1. Install DWSIM from dwsim.org/downloads
2. Install pythonnet: pip install pythonnet
3. Set the path: export DWSIM_PATH=/path/to/dwsim

Usage

from methanol_apc_env.integrations import DWSIMIntegration

dwsim = DWSIMIntegration()
print(f"DWSIM available: {dwsim.is_available}")

# Get thermodynamic properties (uses DWSIM if available, else internal SRK)
thermo = dwsim.get_thermodynamic_properties(
    T=523.15,  # 250°C in Kelvin
    P=80e5,    # 80 bar in Pascals
    composition={"CO": 0.1, "H2": 0.6, "CO2": 0.05, "CH3OH": 0.01}
)

print(f"Source: {thermo.source}")
print(f"Fugacity coefficients: {thermo.fugacity_coefficients}")
print(f"Compressibility Z: {thermo.compressibility_factor}")
print(f"Heat capacity Cp: {thermo.heat_capacity_cp} J/(mol·K)")

Loading Flowsheets

# Load an existing DWSIM flowsheet for high-fidelity simulation
dwsim.load_flowsheet("my_methanol_plant.dwxmz")

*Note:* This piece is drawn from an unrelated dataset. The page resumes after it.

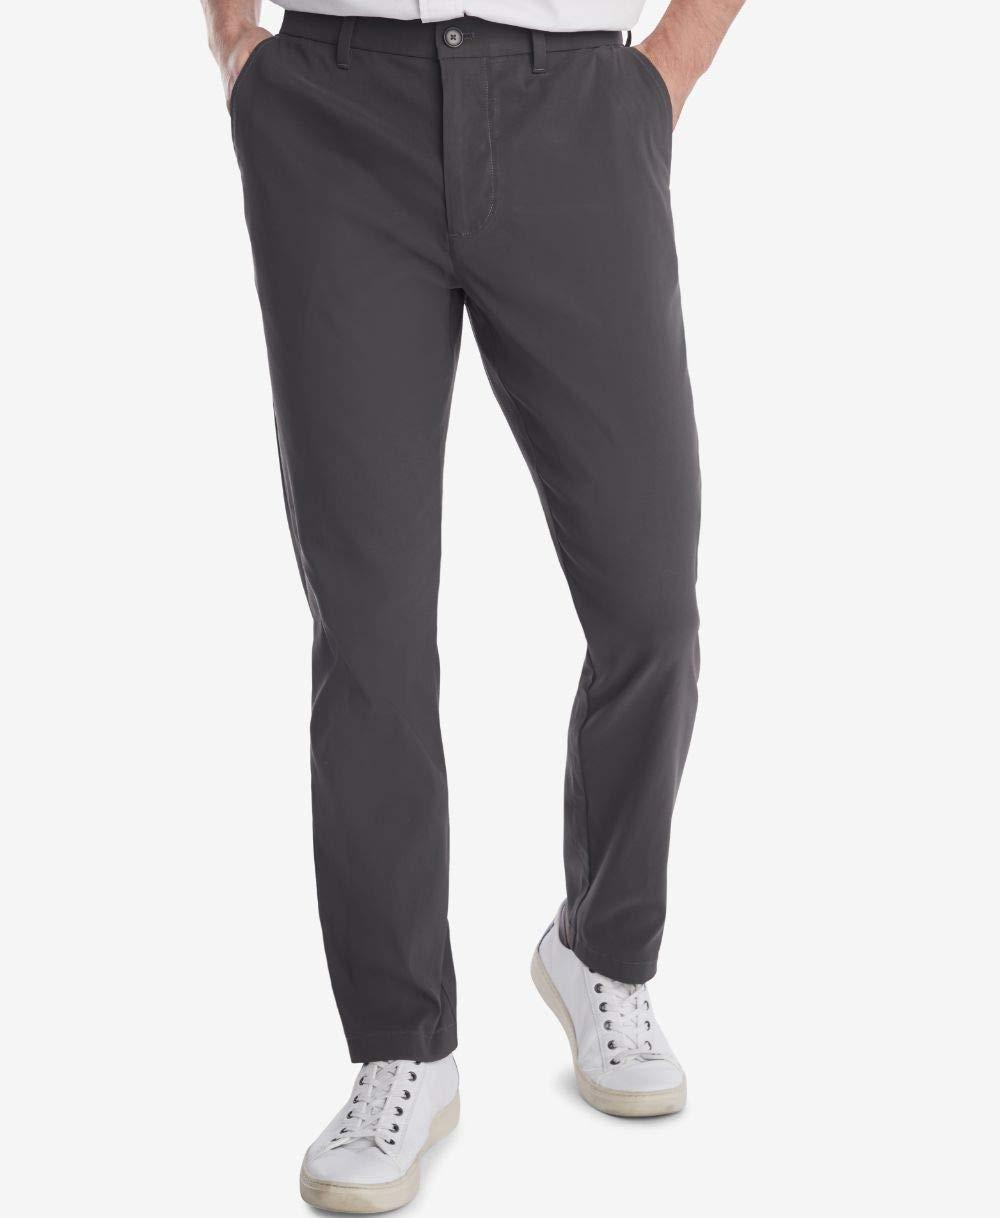 Tommy Hilfiger Sport Tech Chino Pants in Dark Ash (Gray) for Men - Save ...

# Now get_thermodynamic_properties() uses the flowsheet's property package
thermo = dwsim.get_thermodynamic_properties(T=523.15, P=80e5)

Stream Export

Export the current reactor state as a DWSIM-compatible material stream:

from methanol_apc_env.server.reactor_sim import ReactorState

state = ReactorState()
state.temperature = 255.0
state.pressure = 82.0
stream = dwsim.export_stream(state)
# Returns JSON-serializable dict for DWSIM import

Fallback Behavior

When DWSIM is not installed, the integration automatically uses a pure-Python SRK cubic equation of state implementation. The API is identical — only thermo.source changes from "dwsim" to "internal_srk".

The internal SRK implementation:

• Solves the SRK cubic EOS for compressibility factor Z via Newton's method
• Calculates fugacity coefficients for H₂, CO, CO₂, CH₃OH, H₂O, N₂, CH₄
• Estimates enthalpy, entropy, and heat capacity